0. Distributed fault tolerant data storage (hdfs)
1. Batch processing on stored data (map-reduce)

# HDFS
hdfs is a Unix like distributed file system. It splits large files into small blocks and stores them in different nodes. hdfs stores each block by default 3 times in 3 separate nodes to provide safety of the data in case of a node failure.

## Services
0. many data nodes: these service is run on those nodes that stores data. send heart beat and block information to master node. clients connects to data nodes to read/write data.
1. master name node: stores meta data about which data block is stored in which data node. guides client to write/read data to/from appropriate data node
2. check point node: creates check point for the name node. this is not a hot back up for master name node.

## How hdfs works
Write
0. client connect to name node and asks which data nodes to write data to
1. name node gives data node address to client
2. client connects to data nodes and writes data to data nodes
3. data nodes takes action to replicate data to other data nodes guided by name node

Read
0. client connects to name node and asks which data nodes to read from
1. name node gives data node addresses
2. client connects to data nodes and read data
3. in case of a datanode failure, client reads the data block from another data node guided by name node


# MapReduce
Clients want to process data stored in hdfs. A client submits a "Job" to MapReduce that MapReduce runs across diffrent nodes in the cluster.

## Services
0. Job tracker: master service to monitor jobs. A job is ran as many tasks in several nodes distributedly. retries failed task attempts. Schedules incoming jobs from different clients.
1. Task tracker: runs on the same physical machine as the data node. several tasks executed in a distributed system accomplishes the Job that a client submits. A task has one or more attempts. Sends heartbeat and task status to job tracker. It runs on its own JVM on a datanode.

## How Mapreduce works
0. Clients submits job to job tracker
1. Job tracker assigns tasks to task trackers that are close to the data blocks.
2. Task trackers executes tasks. and writes the result to hdfs with replication
3. if a task tracker fails, job tracker assigns the task to another task tracker


# YARN
Abstract framework for distributed processing. MapReduce is a concrete YARN application. It divides duty of the Job Tracker into Application master, Resource manager. Task tracker acts as a node manager, which have "Containers" on which a map or reduce task can be executed. Number of containers on a node is configurable.


## Map Reduce
Data processing a is done in 2 phases.
0. Map phase: apply map function on input key value pairs to generate intermediate key value pairs. group intermediate key value pairs by intermediate keys. each group will contain one key and one or more values.
Components used during map phase:
a. InputFormat: Reads file line by line.
b. RecordReader: Reads input key, value pair from a line using InputFormat.
c. Mapper: Contains map function to apply on input key, value pairs and produces intermediate key, value pairs.
d. Combiner: Performs a local reduction on intermediate key, value pair.
e. Partitioner: Decides which intermediate key, value should go to which partition.

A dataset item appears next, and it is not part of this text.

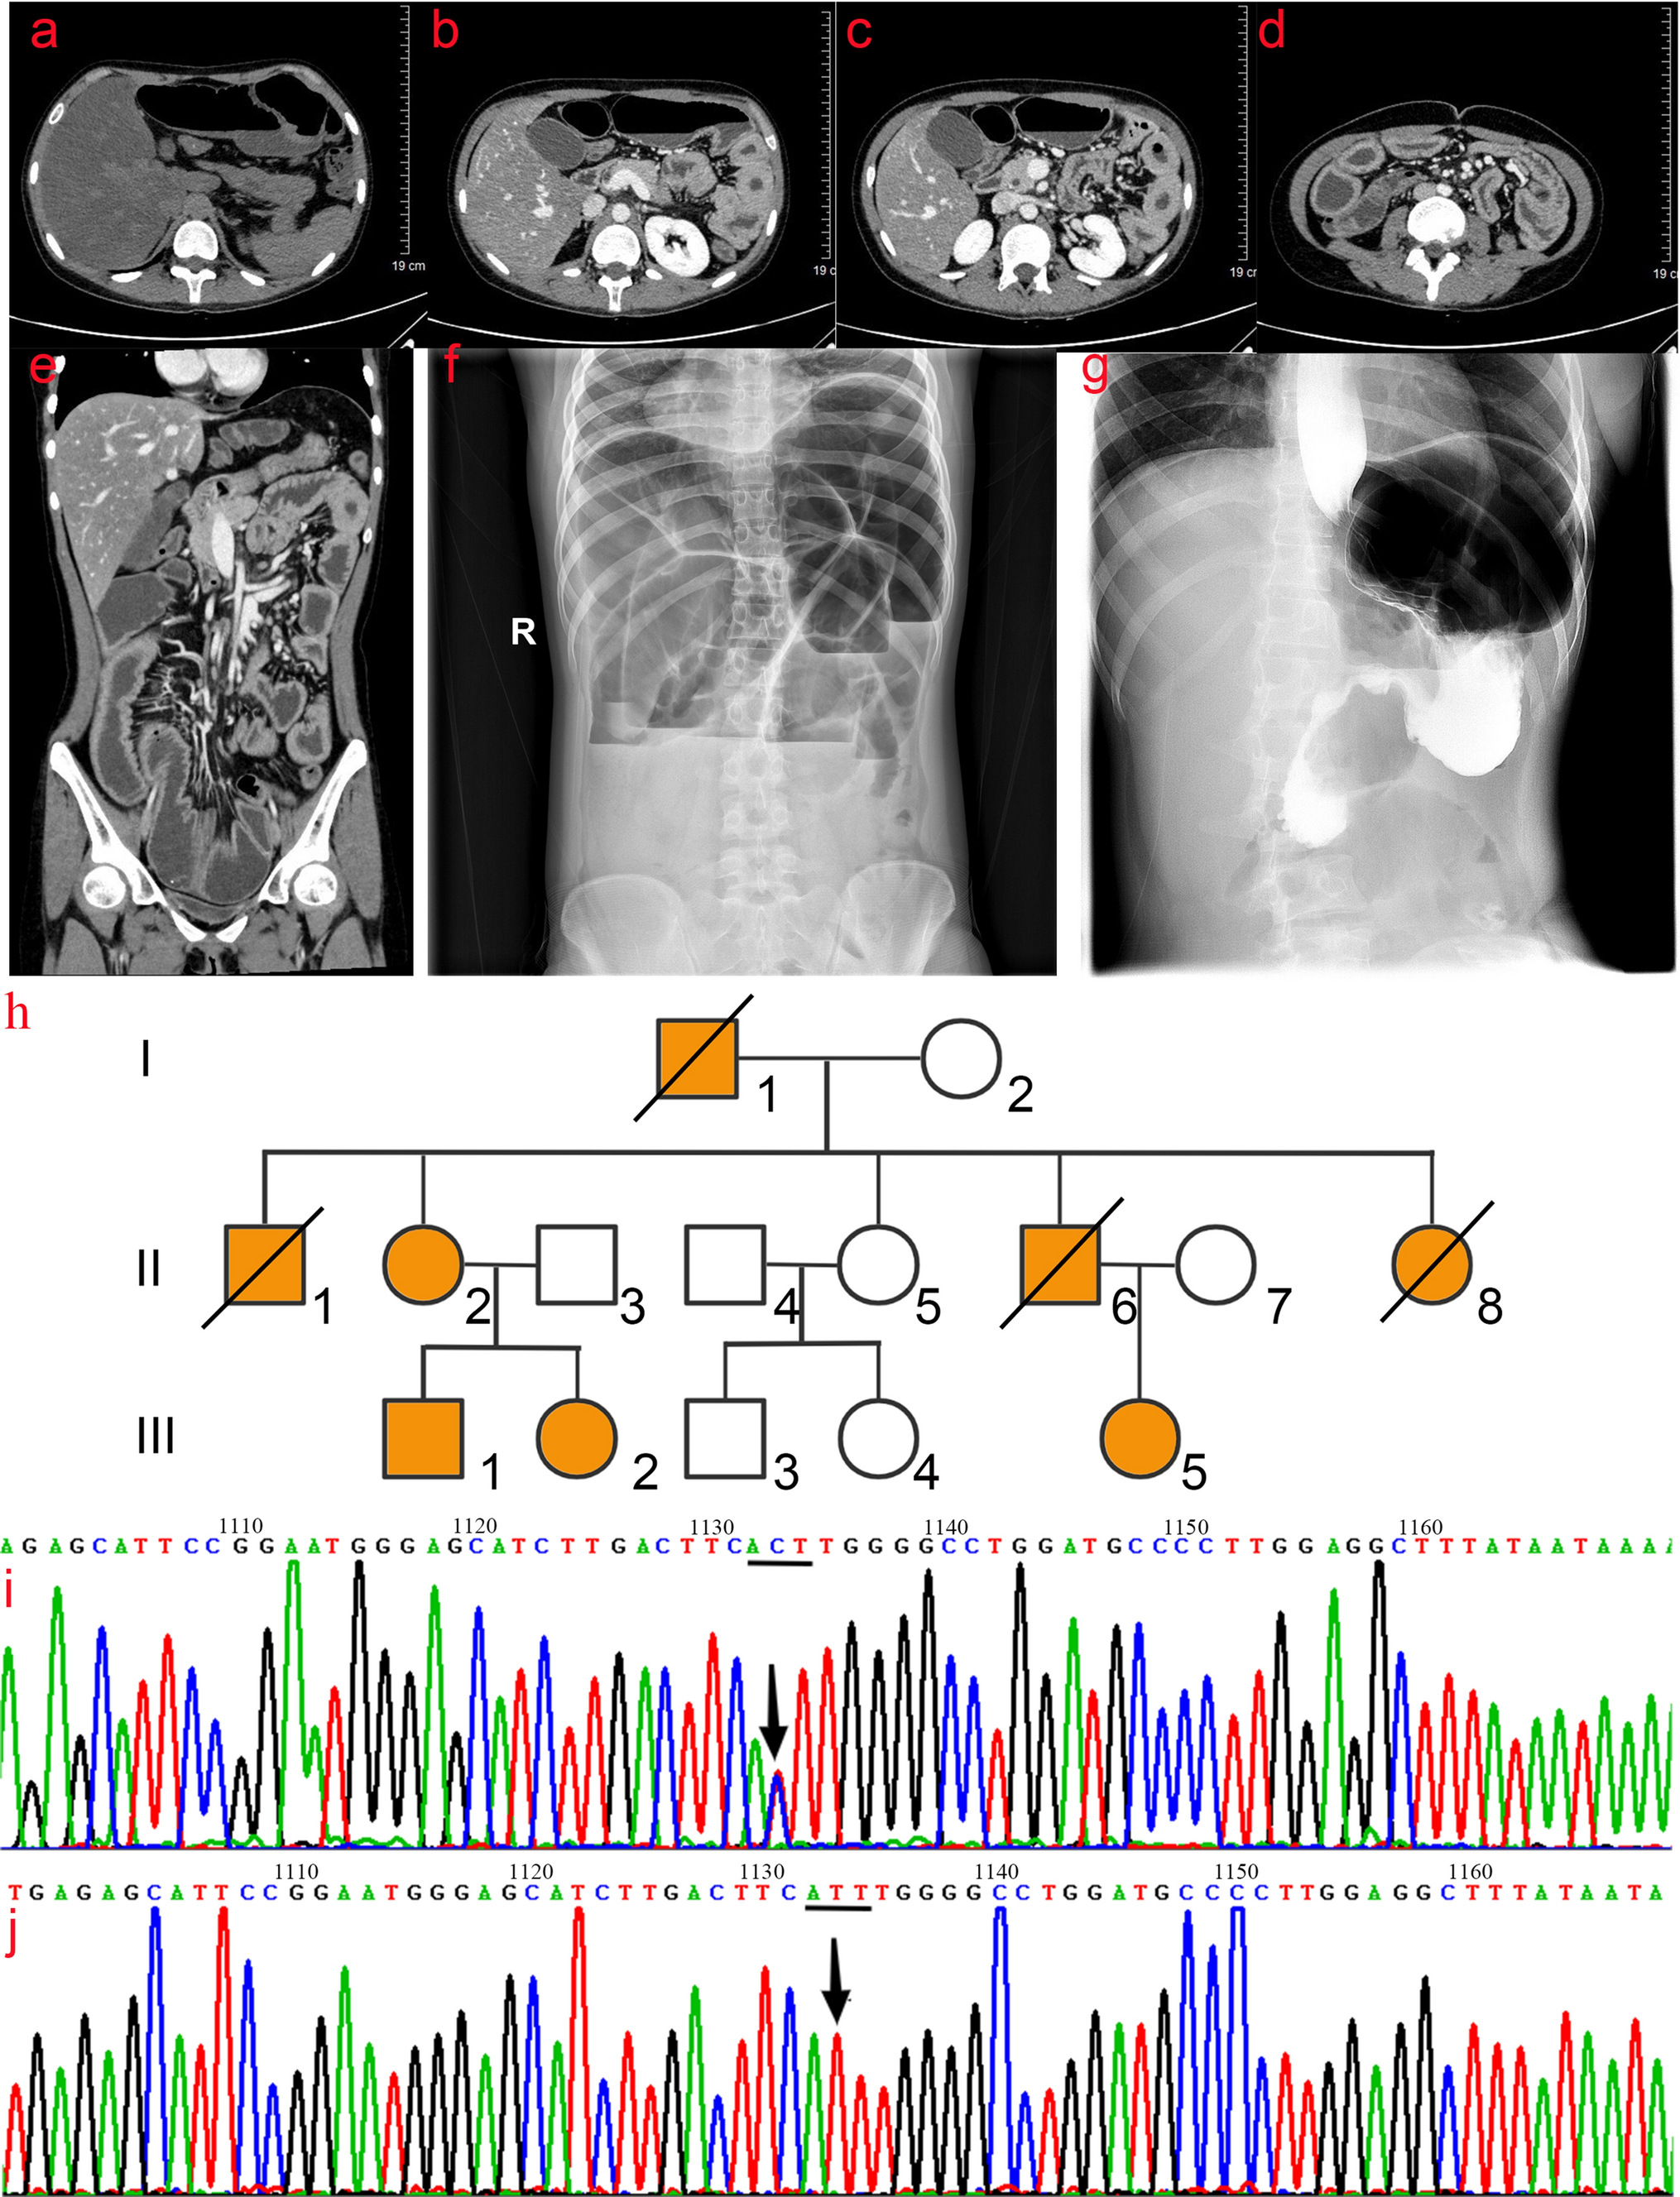 Pedigree Analysis of Nonclassical Cholesteryl Ester Storage Disease with Dominant Inheritance in a LIPA I378T Heterozygous Carrier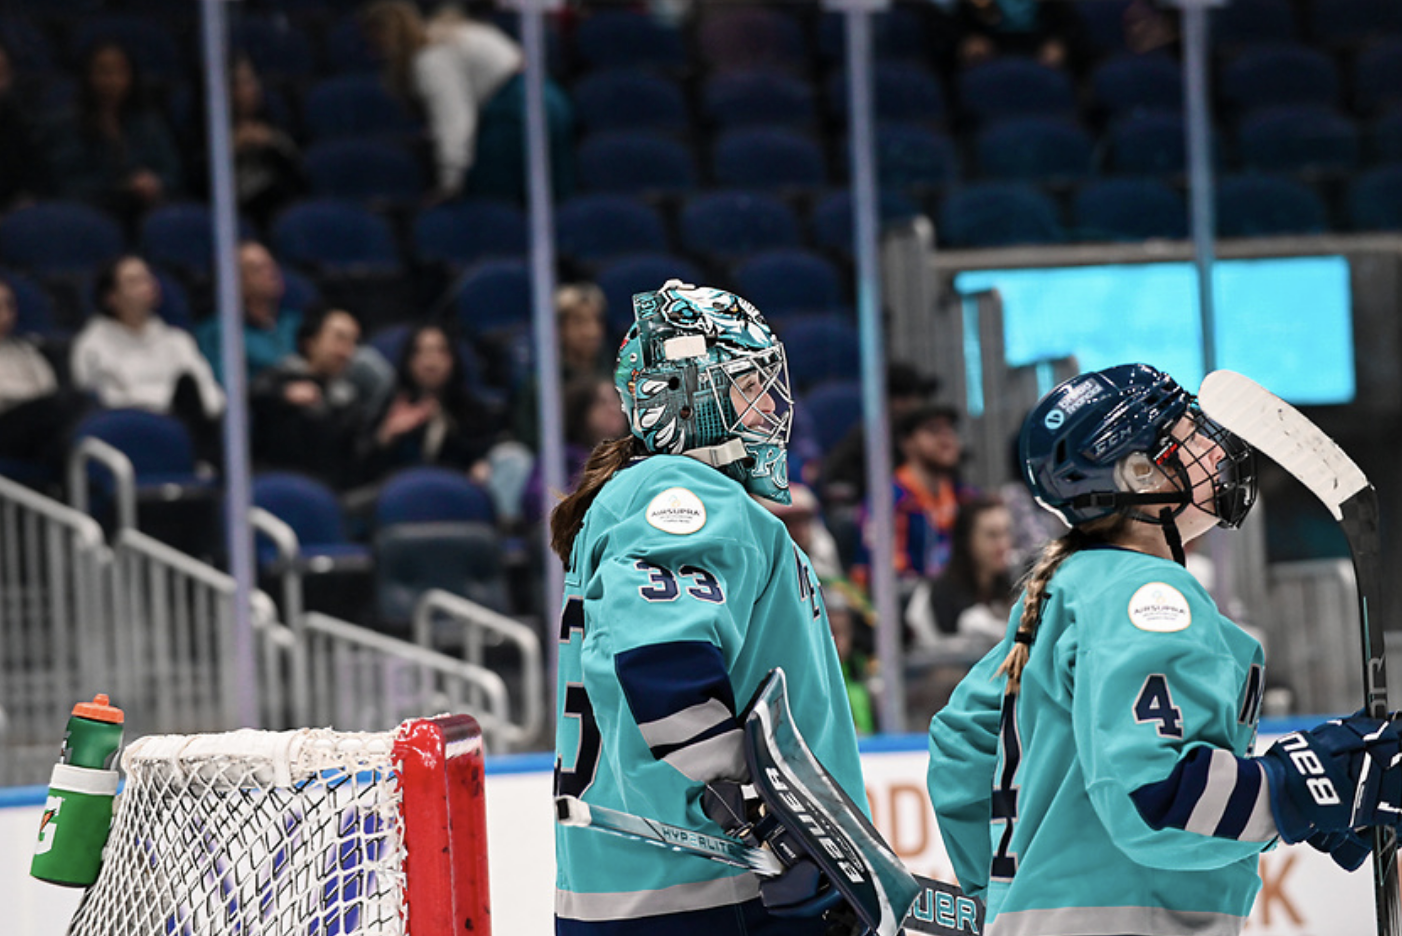 Post (left, in front of the net) and Baker (right, in front of Post) look up ice. They are wearing teal home jerseys.

1. Reduce phase: apply reduce function on grouped intermediate key value pairs.
Components of reduce phase
a. Shuffle: Decides on which partition this reducer should operate on.
b. Sort: Sorts data on a single partition by key.
c. Reducer: given an intermediate key and a set of values, performs reduce operation and produces output key value pair.
d. RecordWriter: used to store one key, value pair.
f. OutputFormat: creates the record writer and writes content of the RecordWriter.

Component used by both phase:
WritableInterface: specifies how to read/write data to/from a file. Integer data is written as IntWritable, read as IntWritable.

Misc Notes
0. A map-reduce job can contain only one mapper job and only one reducer job. So a job such as word counter can be created. To create MR jobs pipeline, framework such as Crunch can be used.
1. You can append data on a hdfs file. There is no way to modify existing content of a file stored in HDFS.
1. Hadoop Streaming: Executing shell, python etc. script as jobs. Example:
hadoop jar hadoop-streaming.jar -input input -output outputdir
-mapper org.apache.hadoop.mapreduce.Mapper -reduce /bin/wc



Reference:
0. hadoop just the basics - slides
1. hadoop just the basics - youtube video






Thursday, January 18, 2018

[Book Take Away] The Zen Programmer

Buddha
Siddhartha Gautama, A prince from Nepal born 500 years before christ. At age of 26, he learns about death, distress and disease. He left his house to find the remedy of this basic problems. In his journey, he understood four noble truth that expresses reality of pain. He found eightfold path that would minimize pain of a human-being. He is known as the first "Buddha" which means awakened.

# Buddhism
Teachings of the first Buddha. In Buddhism there is no God.

## Four noble truth
0. There exists dissatisfaction.
1. Root cause of dissatisfaction is desire, hatred and wrong thoughts.
2. If the root causes are gone, pain will seize.
3. Eight-fold path helps eliminate root cause.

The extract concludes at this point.